Hi everyone. I gave up smoking 2 weeks ago - with the Twisp Edge - standard vaping gateway device. Worked well to stop smoking but flavour diminished and after reading forums I purchased the iJust2 kit. The flavour is awesome and it is a better experience than the Twisp but it gets very hot. Also it is much larger and as I am an older vaper I think my friends will think I'm smoking crack or something. So - the advice I need is:

1. what can i get to fit on the Twisp battery that will give a better experience? What size coils will I need? (I will use this device with friends when out so as not to frighten the innocent).
2. Does the rinsing coils in hot water or vodka work or will I risk damaging the device or spoiling my vaping experience?
3. why does the iJust 2 get so hot. I am using an 0.3 OHM coil. Would the 0.5 work better?

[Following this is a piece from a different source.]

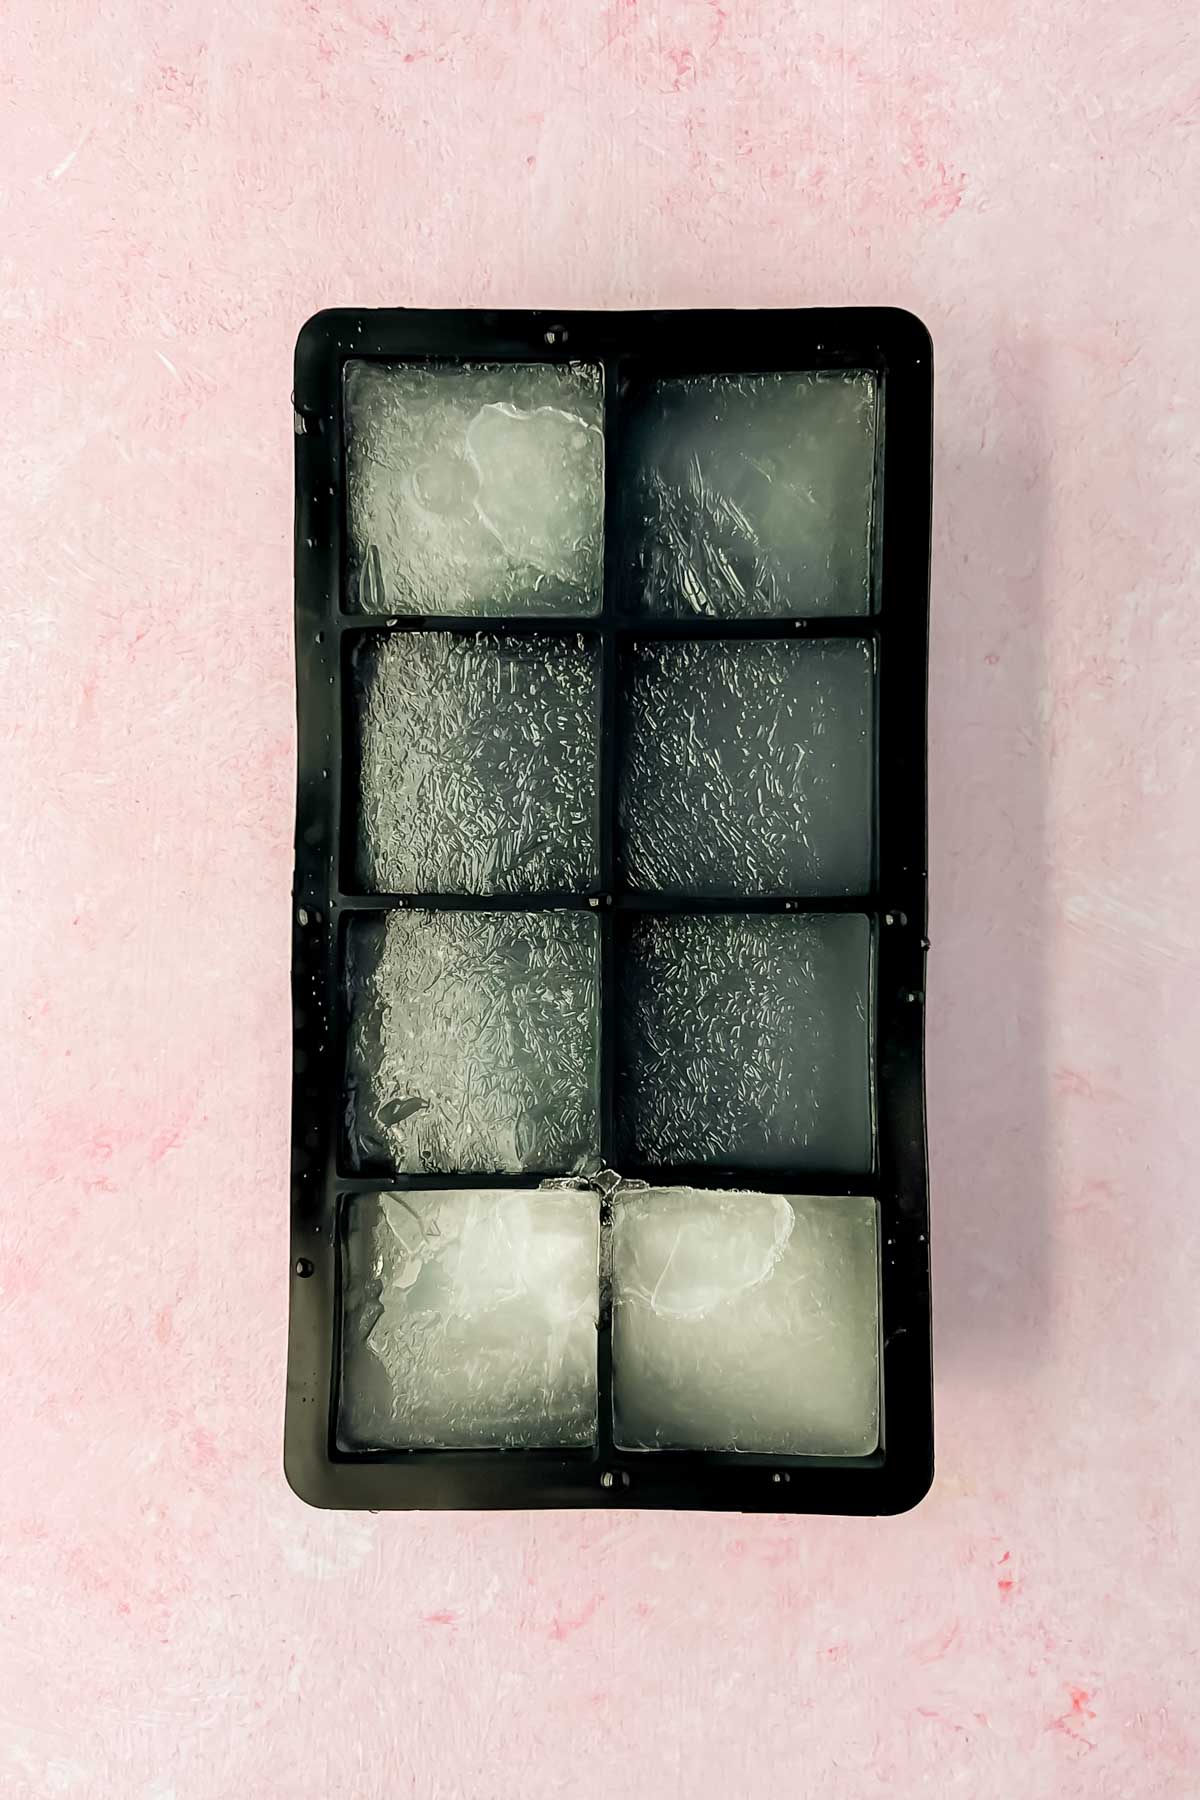 lemonade frozen in ice cube tray.

Thanks for the help in advance.


----------



## KZOR (16/10/16)

Hi ....welcome to the world of vaping. 

1) I would rather put something on the ijust since the battery is stronger and tube wider ...... more options to play around with.
2) Vodka will dissolve the coil gunk faster than water will, and will help remove any residual flavors in the wick. Be sure so soak them in water after though.
3) The device was made with a heatsink so regular use should not heat up the tank too much. Make sure you have maximum airflow as to reduce heat build-up.
O.5 Ohm will work better since the resistance is higher but will release less vapour for the same draw strength.


----------